The first manipulation of the terrain.

Note that the hole created may appear to be filled with water. This is because the selection made is not permanent yet. As a result, the water visualization has not been updated yet, and may appear whenever a selection which lowers terrain is made.

Next, change the "height" setting of the brush to -6.

Change the height setting.

Now place another hole in the 3D world, such that the first hole and the second hole are connected.

The two holes overlap.

Finally, click "Apply Changes" to complete the adjustment of the terrain height.

The selection so far is a preview of the manipulation you wish to make. When you click "Apply", the changes are actually made.

Now that the heightmap is changed, you will be able to properly see the created holes.

When the actual change is applied, the water visualization is redetermined as well, showing the actual terrain height.

Now we have a basic height difference. The reason for creating 2 pits instead of 1, is to make sure that water which is used in this test remains in this test, and does not flow of into other places. If water is allowed to flow away, then at least its not possible to account for all the water in the end result, and at worst the water may affect other tests.

Add an area to the project. Set the name of the area to "Inundation 1".

Add an area to the project.

Draw the area in the project area. Specifically, make sure it sits inside the higher of the 2 hole, with no edges on the normal surface.

The location where the area is drawn will be filled with a column of water.

Add the attribute "INUNDATION_LEVEL" to the area, with a value of "-1". In the context of the flooding overlay, this means this area has a column of water up to the height of -1 meter relative to datum. The bottom of the hole being at -3 meters relative to datum, the column of water will be 2 meters high, but still 2 meters below the surface of the rest of the terrain.

The INUNDATION_LEVEL attribute will be interpreted by the flooding overlay as an initial deposit of water.

Looking at the current result of the calculation of the flooding overlay, it's clear that the results are rather crude. Therefore the results on your screen can differ from the image you so in this tutorial. By changing the grid size the results will probably corresponde better accordingly to this image.

The results do not yet display intuitively recognizable information.

This is due to 2 default configurations for the flooding overlay, namely the grid cell size affecting how accurate the results are, and the result type which affects what the results are.

Currently, the result type is WATER_STRESS, which shows the highest amounts of water which existed in a cell at any point during the overlay's calculation. Set the result type to SURFACE_LAST_VALUE, which shows the exact amount of water present in any cell at any given point in the calculation.

Change the result type to SURFACE_LAST_VALUE to get a more intuitive output.

Next, select "Change Grid".

The "Change Grid" option allows changing the accuracy of the calculation and its results.

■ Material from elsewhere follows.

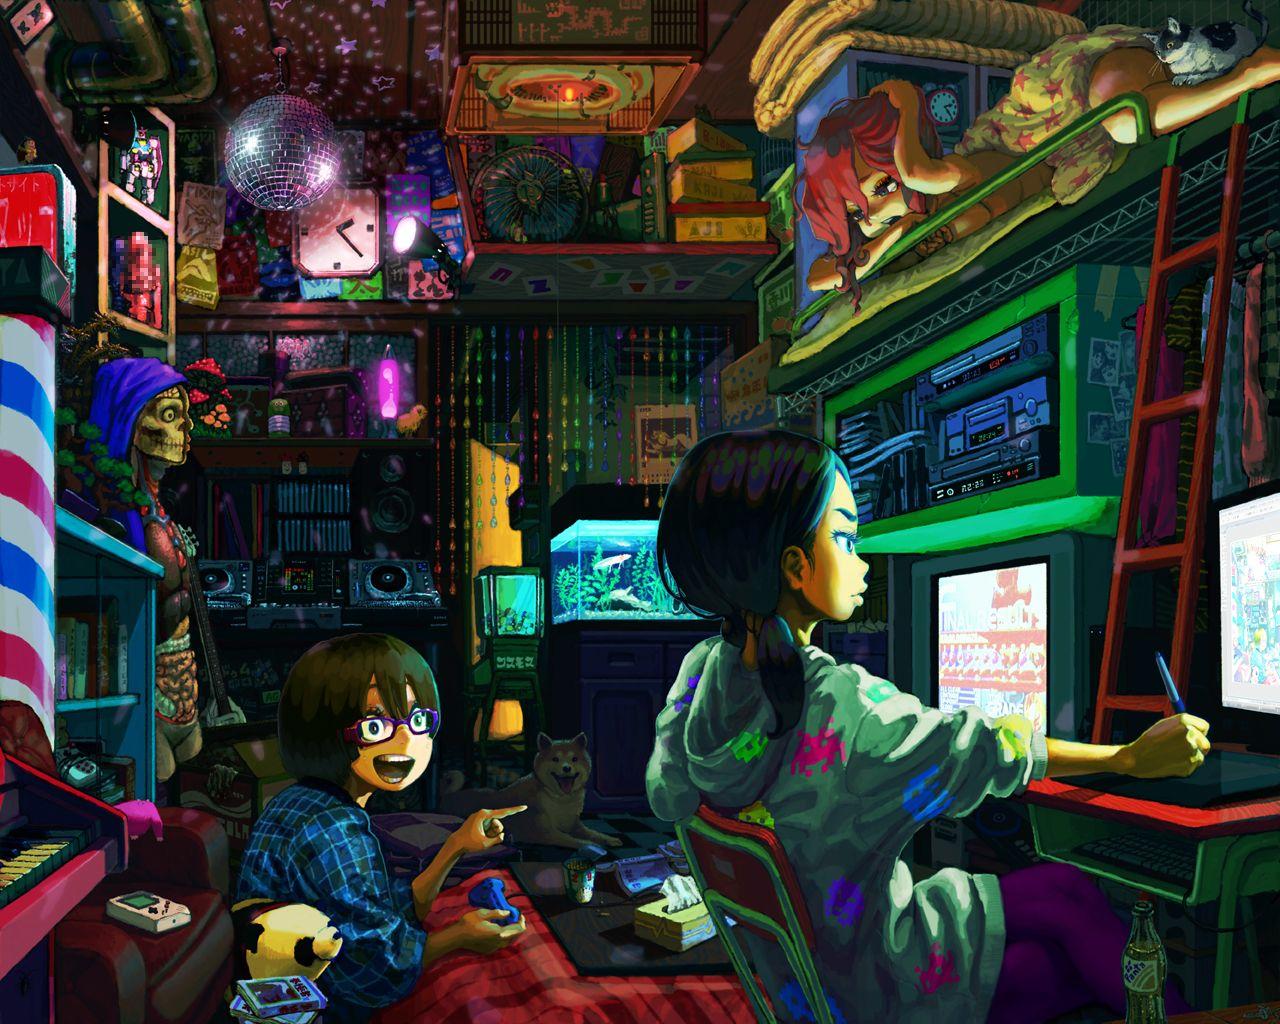 Otaku Room Otaku Room Colorful Art Anime Style

Change the grid cell size settings as follows:

  • Cell size: 1 meter
  • Grid accuracy threshold: 0.5 meter

This will greatly increase the accuracy of the calculation. Due to the simplicity of the model, the calculation times will still be extremely low.

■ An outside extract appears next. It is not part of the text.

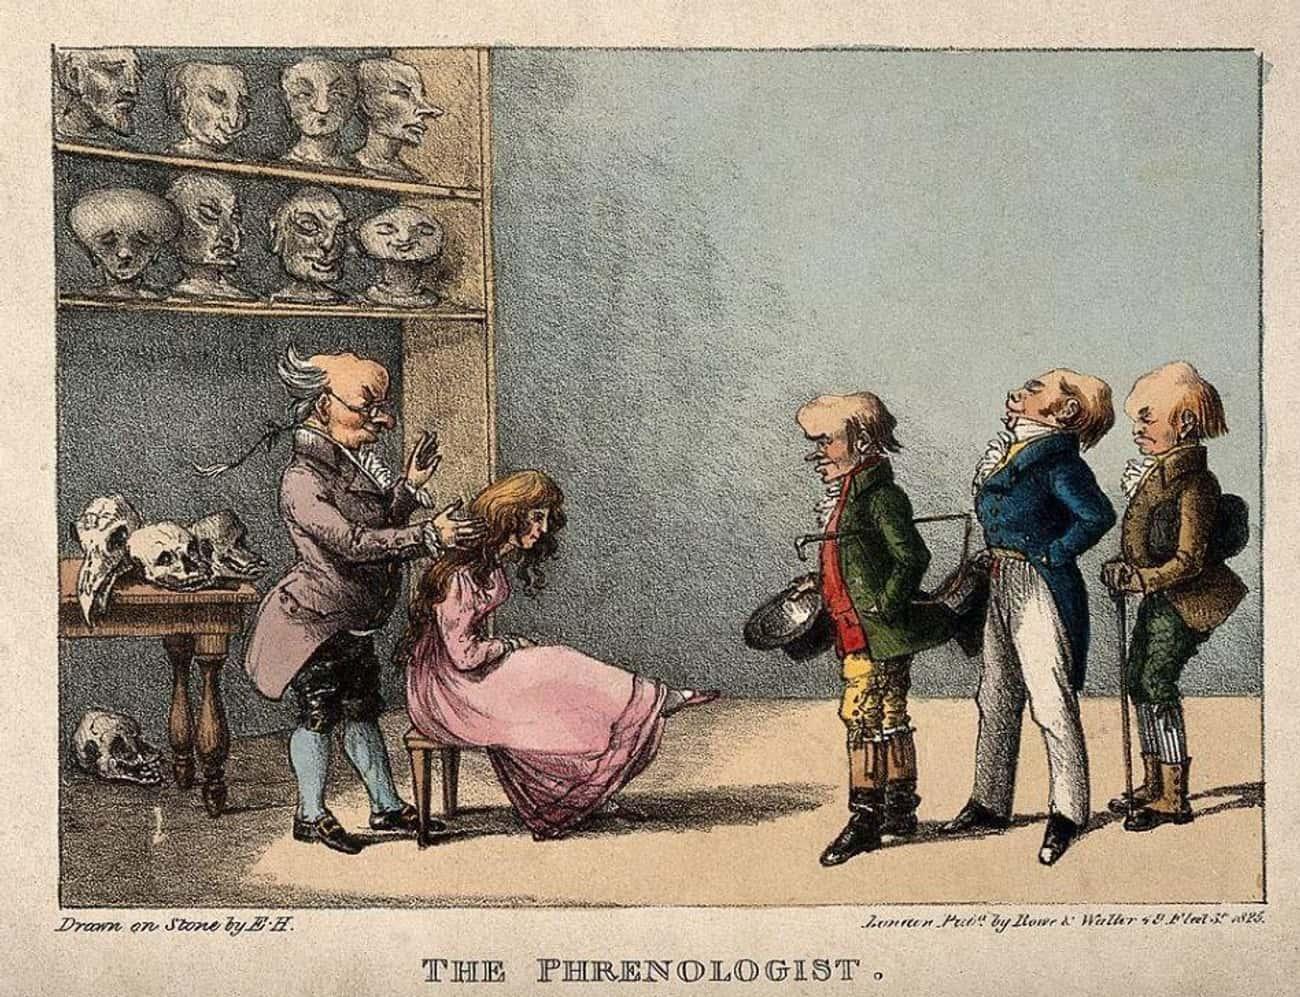 Franz Joseph Gall Created The Theory Of Phrenology

Set the grid parameters to lower values to increase their accuracy.

Click "Send". After the overlay has recalculated, you will see the end result of the flooding calculation has changed.

The results are more accurate now

Use the timeframe controls in the overlay's legend to switch to the first timeframe.

The timeframe controls of the overlay can be used to switch between various snapshots made during the calculation.

What you'll notice specifically is that the calculation's results is composed of 10 timeframes. Each of the timeframes represents a snapshot of the process of water flowing into the deeper hole. However, the water flows so quickly that even at the first timeframe most water has already flowed into the lower hole. This means the timescale of the simulation should be tweaked as well.

Select the overlay in the editor, and open the configuration wizard.

The configuration wizard allows for easily configuring a number of parameters for the calculations.

Click "Next" to continue to the weather configuration step. In this step, set the following configuration:

  • Rain for 0 minutes
  • Total rainfall 0 mm
  • 0 days, 0 hours, 10 minutes dry after rain
  • Surface evaporation of 0 mm/day
Rainfall, simulation time, and evaporation rate. Each of these properties have default values which can and should be tweaked to have better control over what happens during the calculation.

Close the configuration wizard, and click "Update Now" to force the overlay to recalculate.

Now using the timeframe controls, its possible to see how the water moves into the lower hole over time.

The final result of the calculation, but other timeframes show other moments during the calculation in which different amounts of water have had a chance to flow.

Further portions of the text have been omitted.